The source of the disruption was no secret. In 2016, e-commerce accounted for a whopping $1.9 trillion in retail transactions, said Stephens. In the first hour of Singles Day alone, China's Alibaba did $8.6 billion in online sales, he continued. And if that didn't register with a fashion industry that has been slow to embrace e-commerce, Amazon is set to become the number one seller of apparel in the US by the end of 2017, Stephens added. "This is the end of the beginning of e-commerce," he said.
E-commerce is being reshaped by everything from subscription models to conversational commerce to 3D printing, noted Stephens. But what of physical stores?
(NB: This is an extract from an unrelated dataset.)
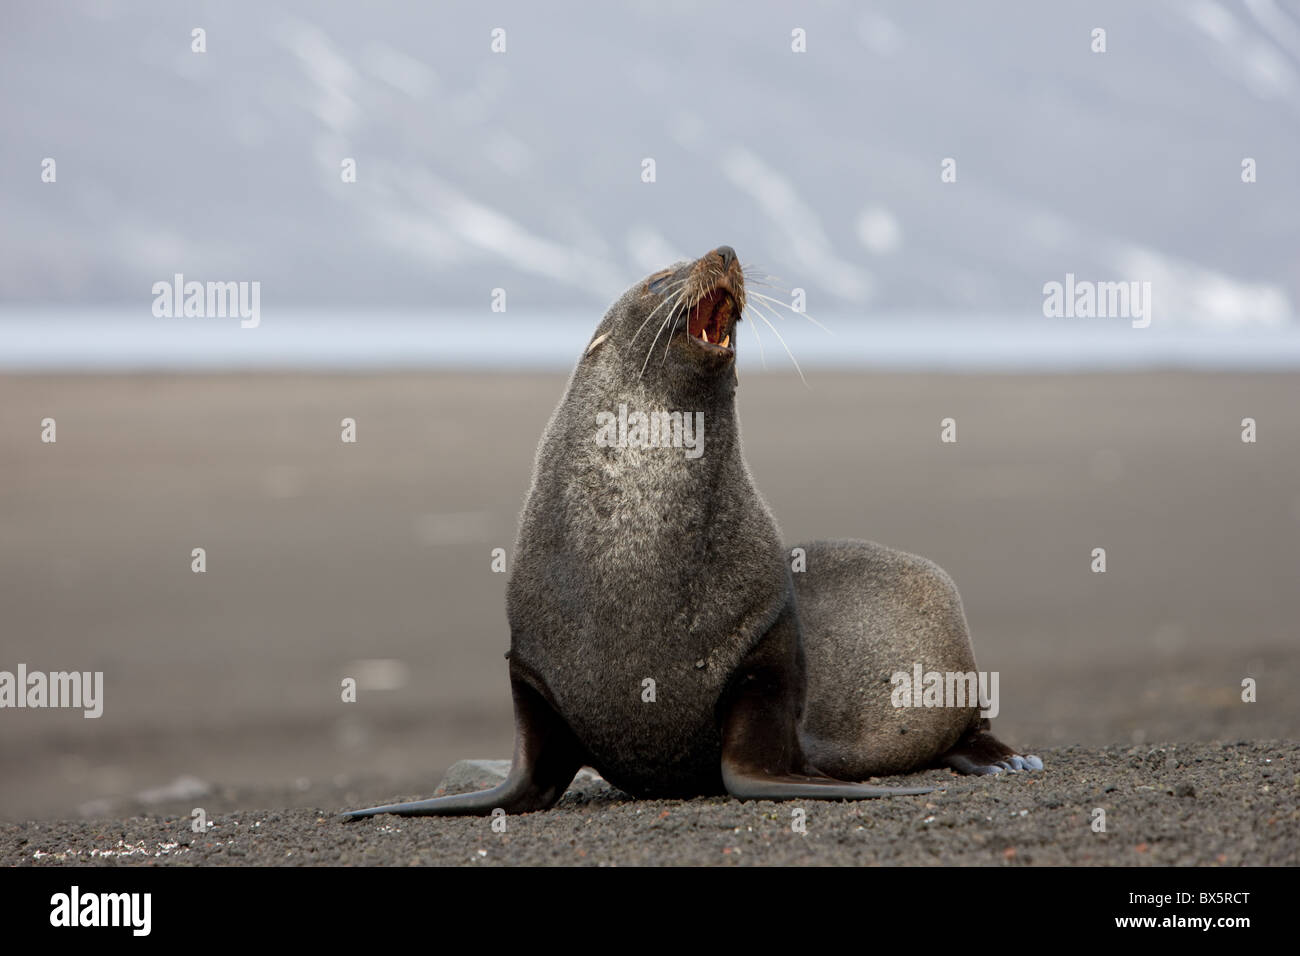 Antarctic fur seal (Arctocephalus gazella), Deception Island, South Shetlands, Antarctic, Polar Regions - Stock Image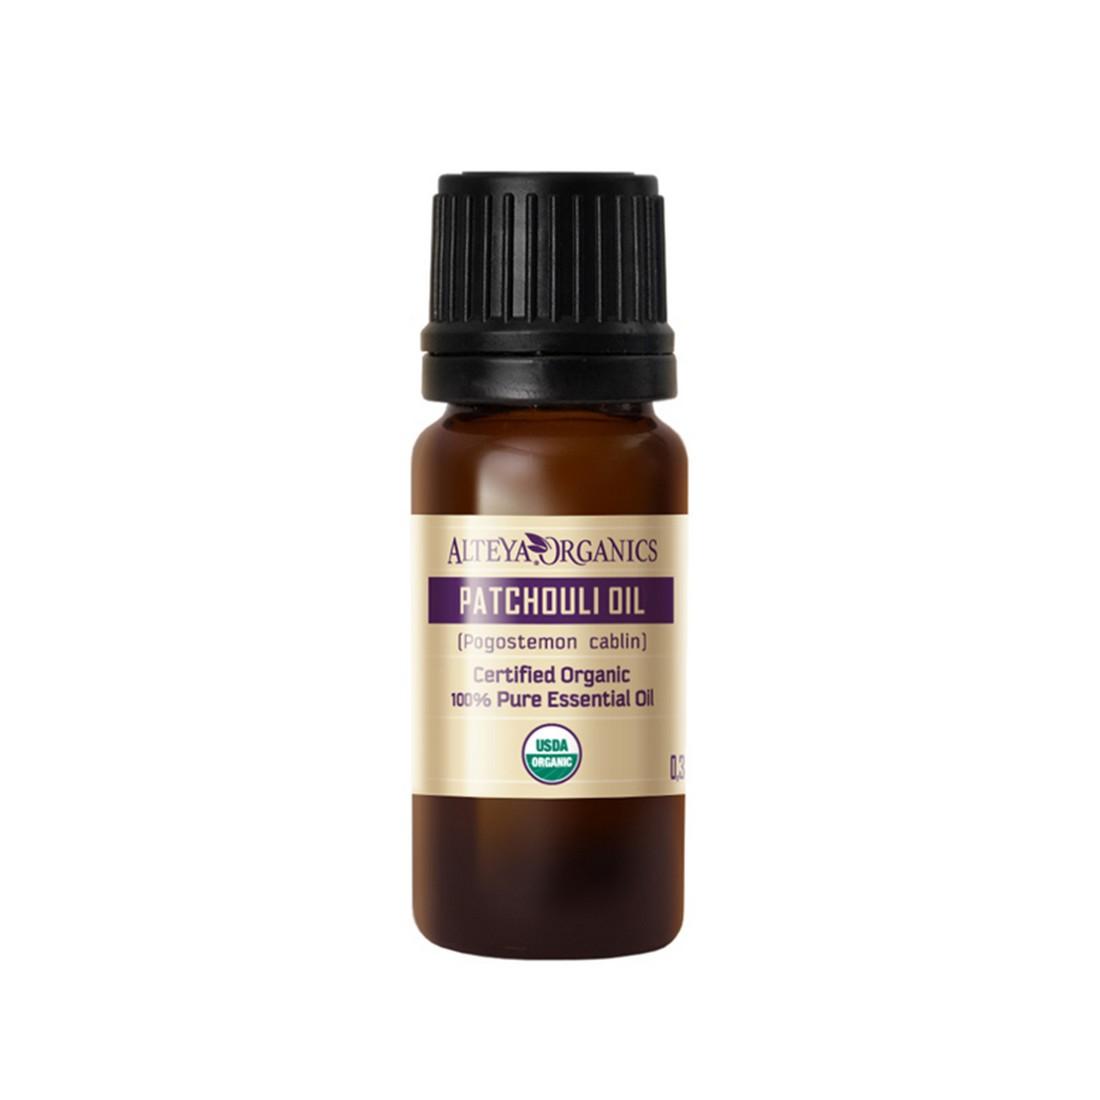 Bio organic patchouli essential oil Alteya Organics 10 ml.

As the world becomes more and more virtual, people increasingly crave physical experiences. As a result, the store won’t die, said Stephens. But in order to survive, they must change. “Media is becoming the store,” he said, pointing to the rise of online product experiences. “As a result stores must become media… stores are the most powerful, measurable, manageable form of media that a brand has at disposal.”
"Stores can't be just about distributing products," he explained. "They need to be about distributing experiences — less stores, more stories," he continued, citing successful examples from Sonos, Bandier, Apple, Nordstrom and Sneakerboy. That means putting less emphasis on shopping and more emphasis on entertainment, hospitality and community.
“Experiences with friends are what plays well on Instagram — more than products,” noted Stephens. “Why can’t communal experiences and shopping come together?” he continued, suggesting a new formula for retail: community plus a great physical environment plus great products.
He ended with an amusing analogy, showing a slide of a basic London bus stop. “This is retail for the last hundred years — functional,” he said, before flashing up a slide of a new model bus stop in Montréal, featuring playground-style swings. Infinitely more experiential, communal and fun — what retail must become to survive.